I will discuss this more in the future, but Out West (as I like to phrase it) things are quite different from the South. There is much, much more individualism Out West. It’s unavoidable. You are really on your own much of the time. There are far, far fewer people and unless you grew up in a Western community, you are very far from family and friends and it is difficult to make new ones. Certainly there are those ranchers, farmers, and small-town folks who stick to the same place, but the ebb and flow of people through the West is one of the most incredible things I have seen. It does not happen in long wagon trains or on chuffing trains; it happens singly and quietly, but nonetheless people are constantly moving, setting up life again, then when things fail, moving on again. Even in this modern age, the basic nature of the West has not changed.
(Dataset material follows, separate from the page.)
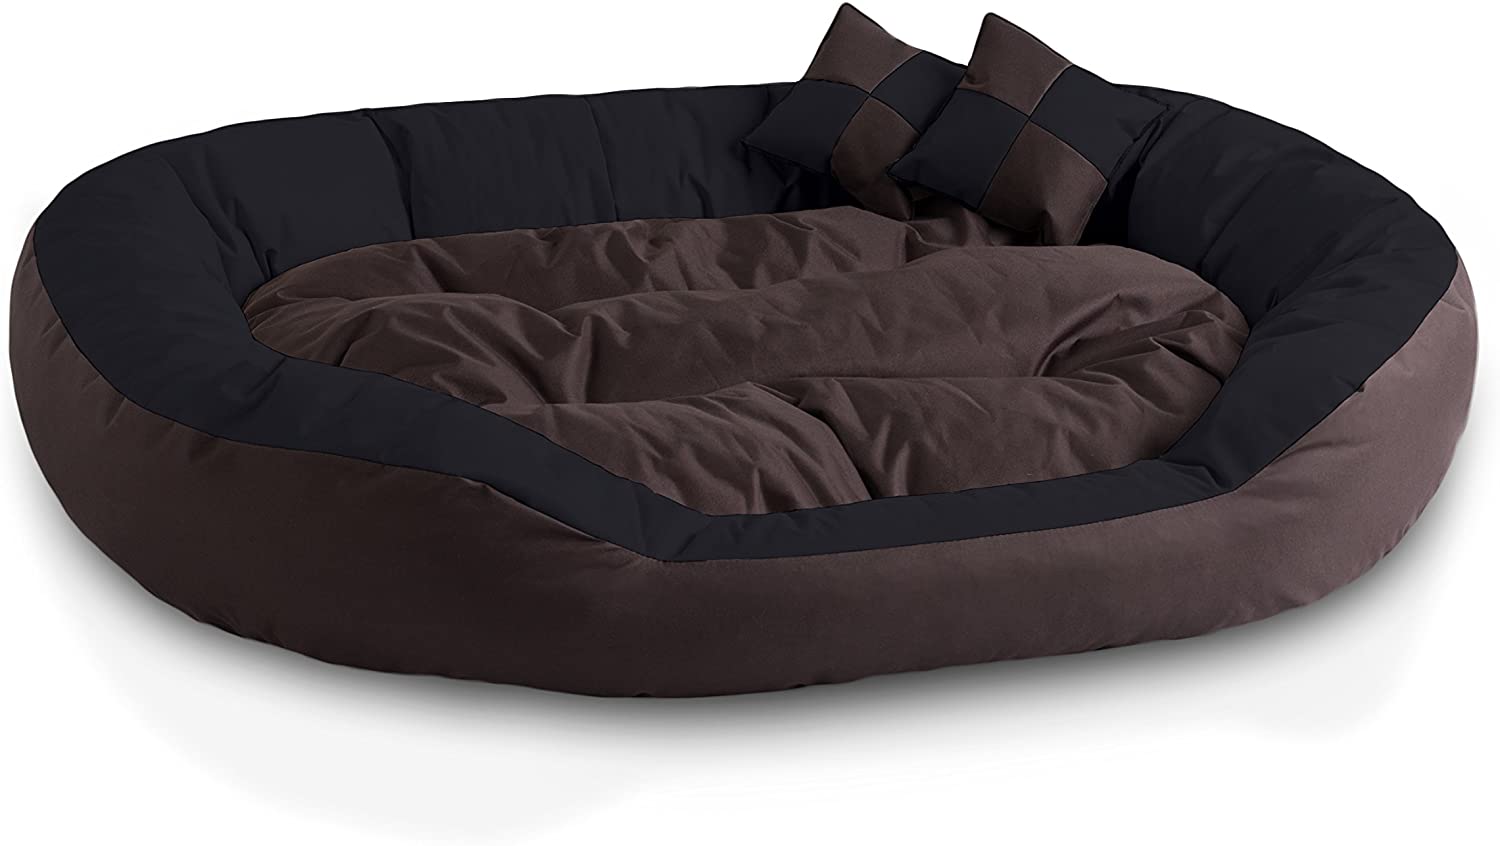  BedDog® 4en1 Saba Marron/Negro XXL Aprox. 110x80cm colchón para Perro, 7 Colores, Cama, sofá, Cesta para Perro 
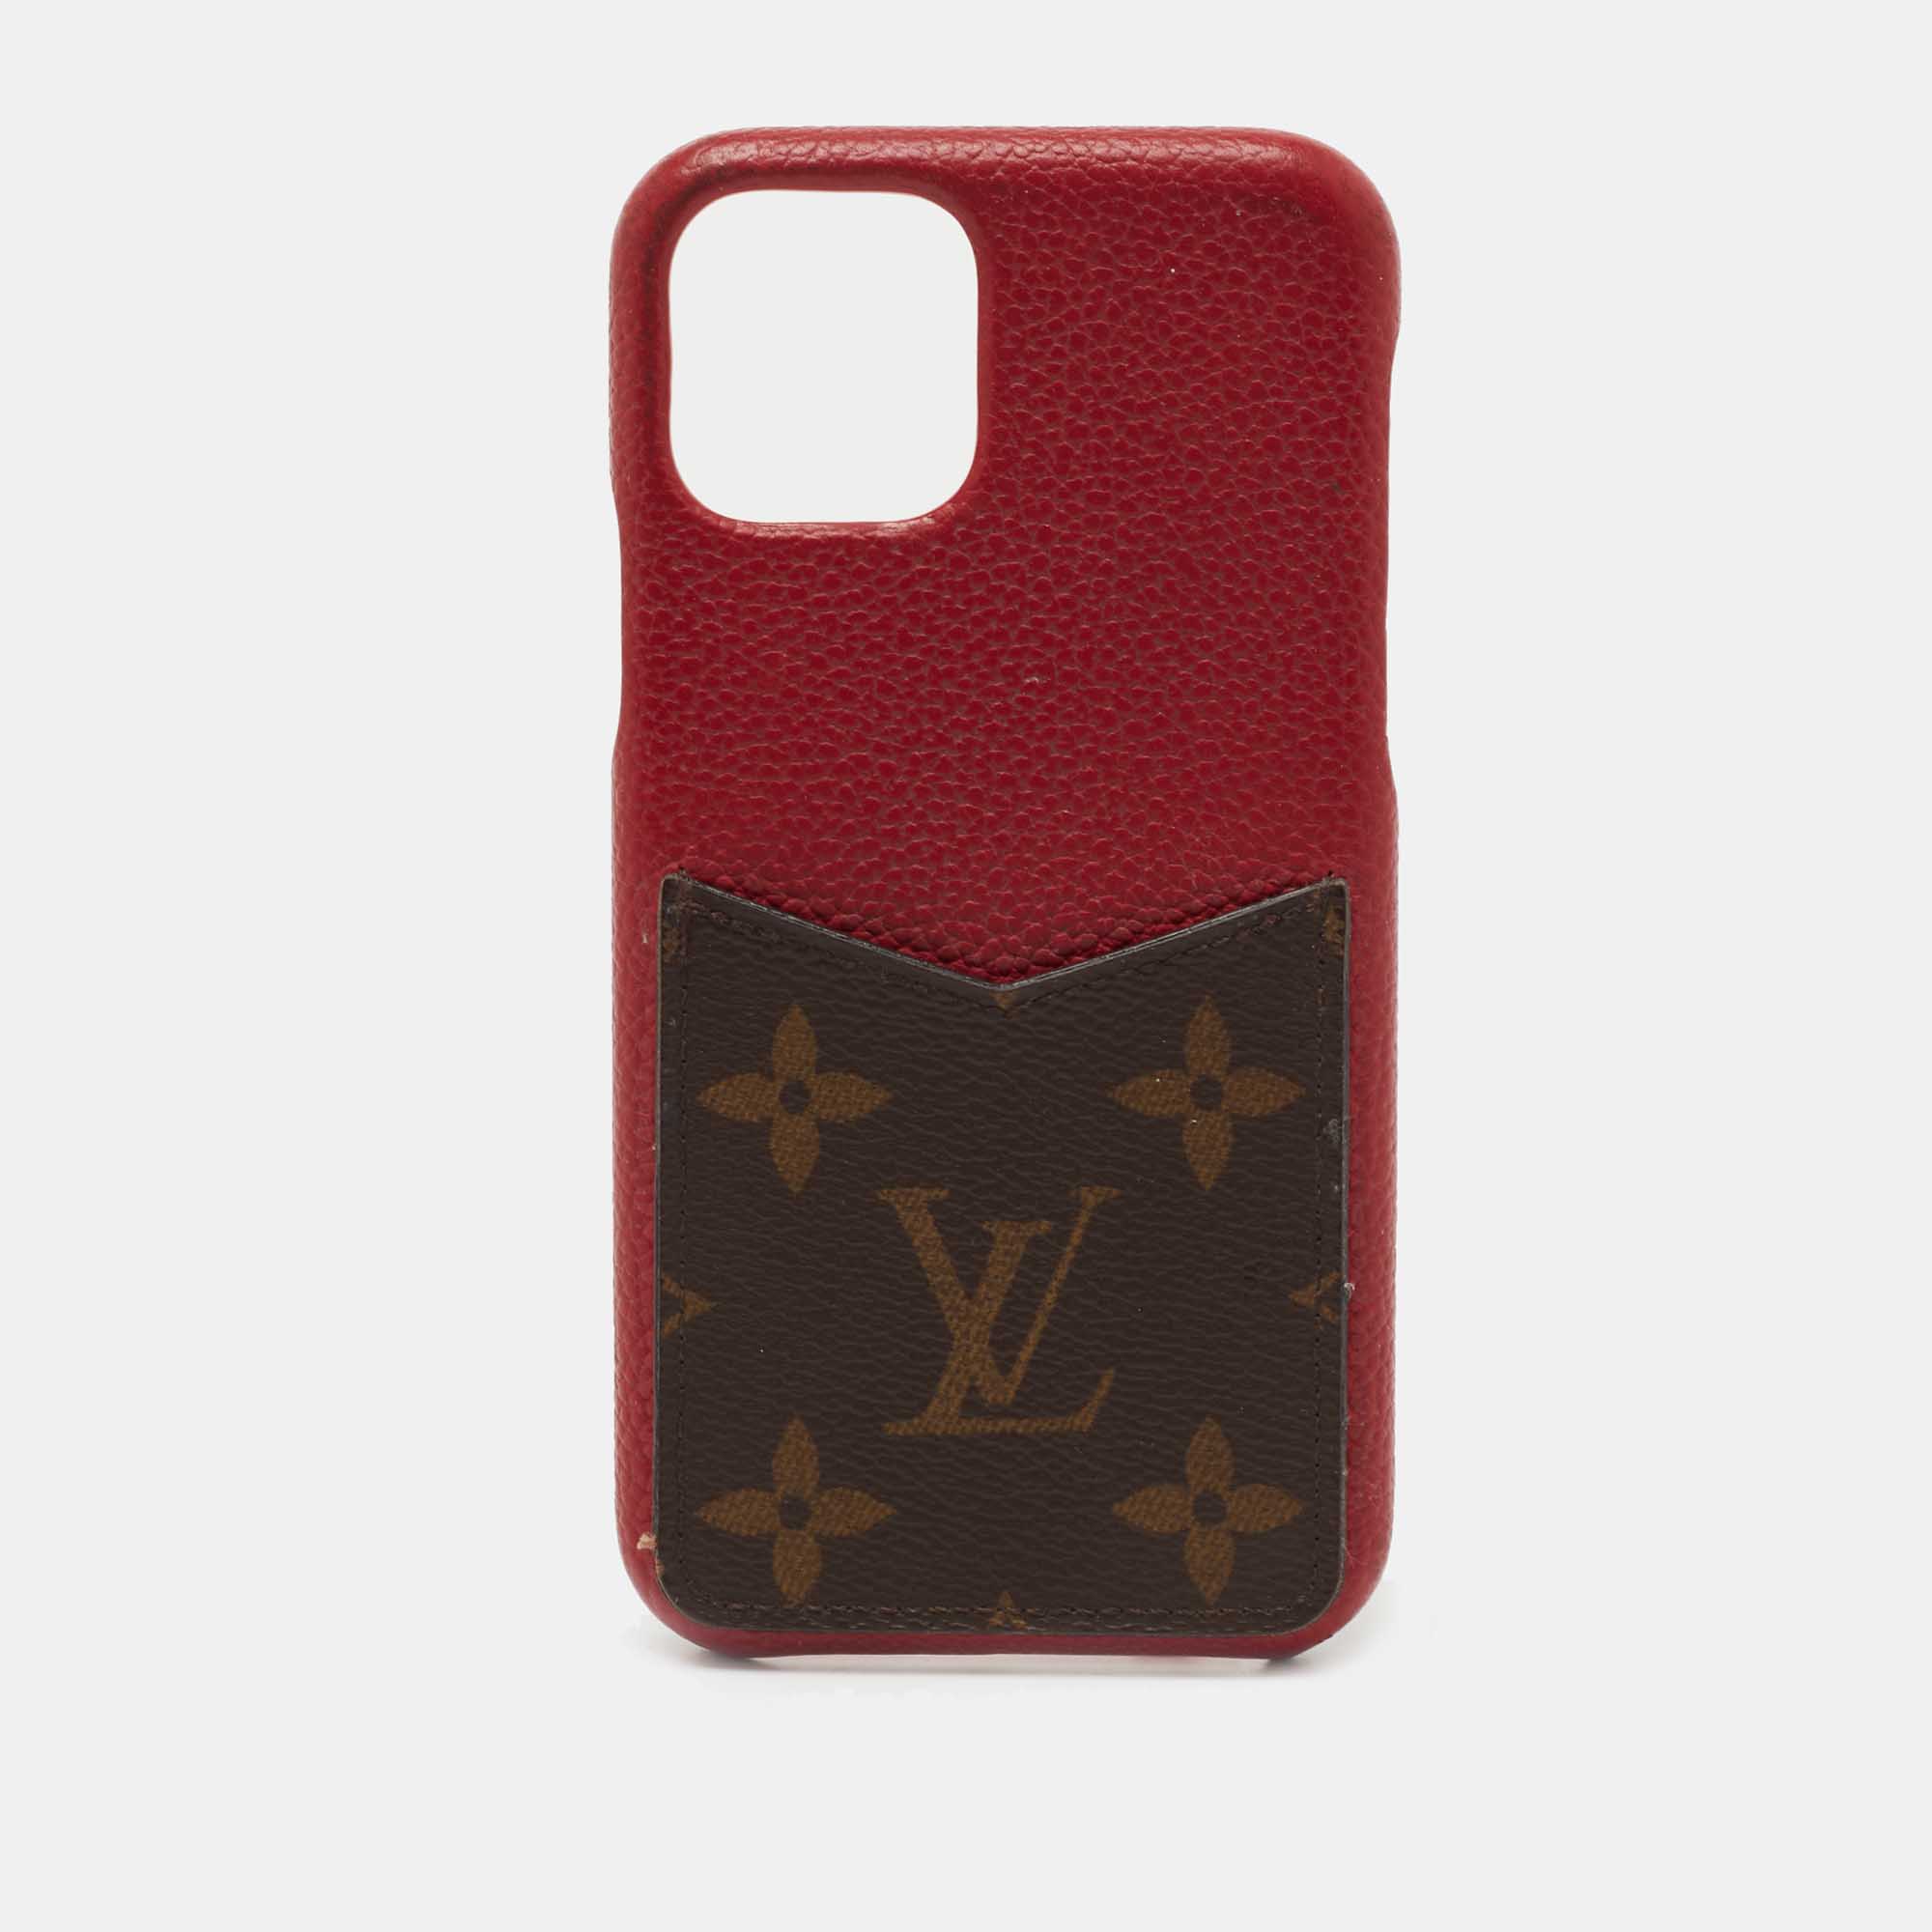 Louis Vuitton, Accessories, Authentic Louis Vuitton Cell Phone Case

Yet despite this individualism, you do not get a sense of individuality being characteristic to the West. You certainly get your fair share of wild folks, crackpots, fringe dwellers, and the salty characters who march to the beat of their own drum. I’ve met a lot of them. But these extreme examples almost seem to confirm the rule, which is that everyone is on their own and thus everyone is seeking to define themselves somehow, someway. You have to make yourself into something, all on your own terms, and you have to do it all the time, because there isn’t much else for you to draw upon. Everyone is free out West, but it doesn’t mean they necessarily have self-realization in that freedom.

But seeing that quirky old man in the Nashville Waffle House, I realized that having a cultural and societal core actually provides the possibility of genuine individuality, of eccentricity that isn’t simply wild personal whim. There is a way things are in the South; you can embrace it or you can reject it, but that’s how it is. What many outsiders (and many disgruntled, alienated Southerners) think is that by embracing this status quo, you are conforming, and by rejecting it, you are liberating yourself. But it’s more complicated than that. Because a status quo is not one thing. And in the way it relates to identity, a naturally developed, shared way of life can provide multiple sources of identity. In such a schema, there is no single definition of who you are and you may feel a part of different identities to varying degrees. You may indeed add one of your own, that of the Waffle House-General of the Army-Boat Captain variety, or the erudite man of letters variety like William Faulkner, or even the small-town redneck turned liberal rock ‘n roller like Drive-By Truckers. It does not necessarily mean rejecting outright the whole way of life you come from, even though it may mean you choose your own personal expressions, habits, sartorial choices, friends, or values over other markers of identity considered more typical or traditional. Sometimes even embracing tradition puts one at odds with the status quo. But what is certain is that all of this takes place within a given cultural and societal context. Whatever one’s personal choices, one is never left completely isolated from others. One never has to define by sheer will one’s entire identity. And thank goodness, because that is too much for anyone. It leads us to deformed character or to simply accept whatever neatly packaged identity is offered to us.

There is much I miss about the West and much I am ambivalent about in my home region. But it is for certain that I feel perfectly capable of being who I am here. I do not have to constantly mend the fences around my own identity, fences which even when tautly strung still let the gusts of confusion and self-doubt in. Here at home, I know how things are. I am free to enjoy it, to complain about it, and to get on with the parts of life that are important, whether they are congruent or at odds with the way things are. I know that, regardless, I will never be outwith; I will belong.